This should be the last year we celebrate Columbus Day as a national holiday because the reality of Columbus’s arrival in the Caribbean in 1492 is nothing to be proud of.

The story of a brave and virtuous man discovering America is a highly offensive example of history being written by the victors.

Not only did Columbus not land in what we now call America, but he and his men were horrifically brutal toward the Caribbean people where his ships actually landed. Do you remember how these ships and their men were depicted? The nice little songs we sang in grade school?

In a mere two years time, white Europeans had wiped out half of Haiti’s 250,000 people. Two causes of death were suicide and the parental drowning of newborns so that they did not have to endure the European’s savagery, including torture, enslavement and rape.

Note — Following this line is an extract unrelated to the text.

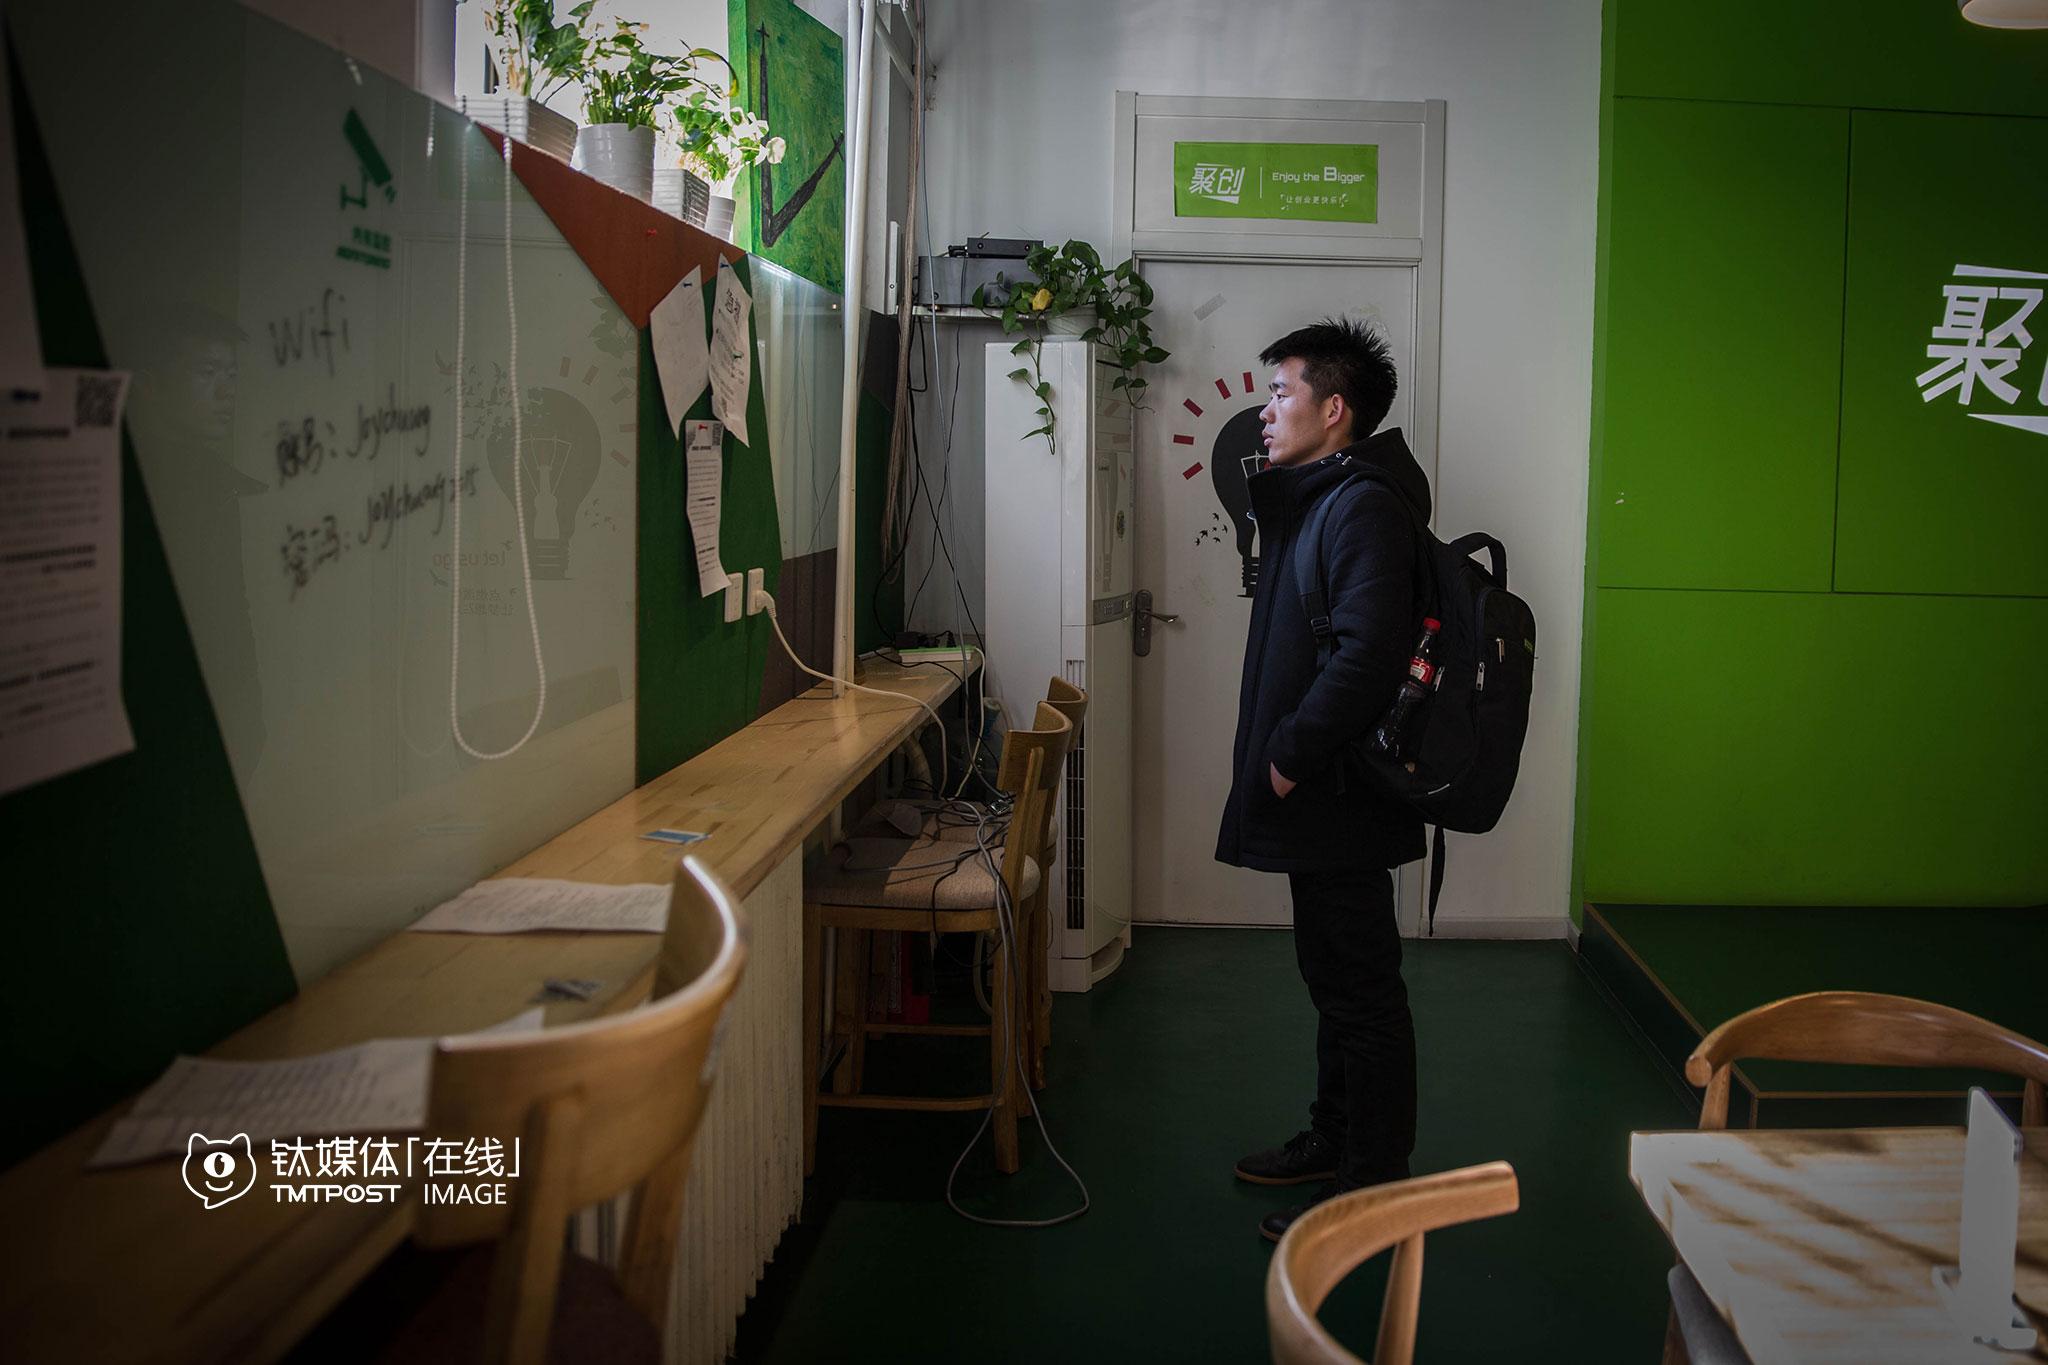 """2016年2月23日,北京中关村聚创空间,牛伟(化名)在阅读创业者贴的招募广告。他今年夏天大学毕业,这次到北京是送朋友来工作,顺便到闻名已久的中关村走走。他学的计算机,毕业后准备做互联网。""""北京厉害的人太多,我准备先在家那边工作一段时间,积累点经验,再到北京来,那样也许会好找工作一点"""",当天下午,他离开了北京。"""

Those who had welcomed the white men with exceptional generosity were having their hands severed for failing to supply enough gold.

The conquering white Europeans attempted to justify their unspeakable brutality by portraying the native people of the Americas as savages and godless (because they were not Christian). When his dreams of mountains of gold didn’t pan out, Columbus wrote in his journal, “Let us in the name of the Holy Trinity go on sending (back to Europe) all the slaves that can be sold.”

A hundred and fifty years later, schoolchildren were fed the image of another group of white Europeans having happy Thanksgiving feasts with the native inhabitants of what is now the United States. Again, a nice little image, right smack in the middle of the ugly reality of the genocide of America’s native people.

If we accept lies as our history, we will always be in conflict with conscience.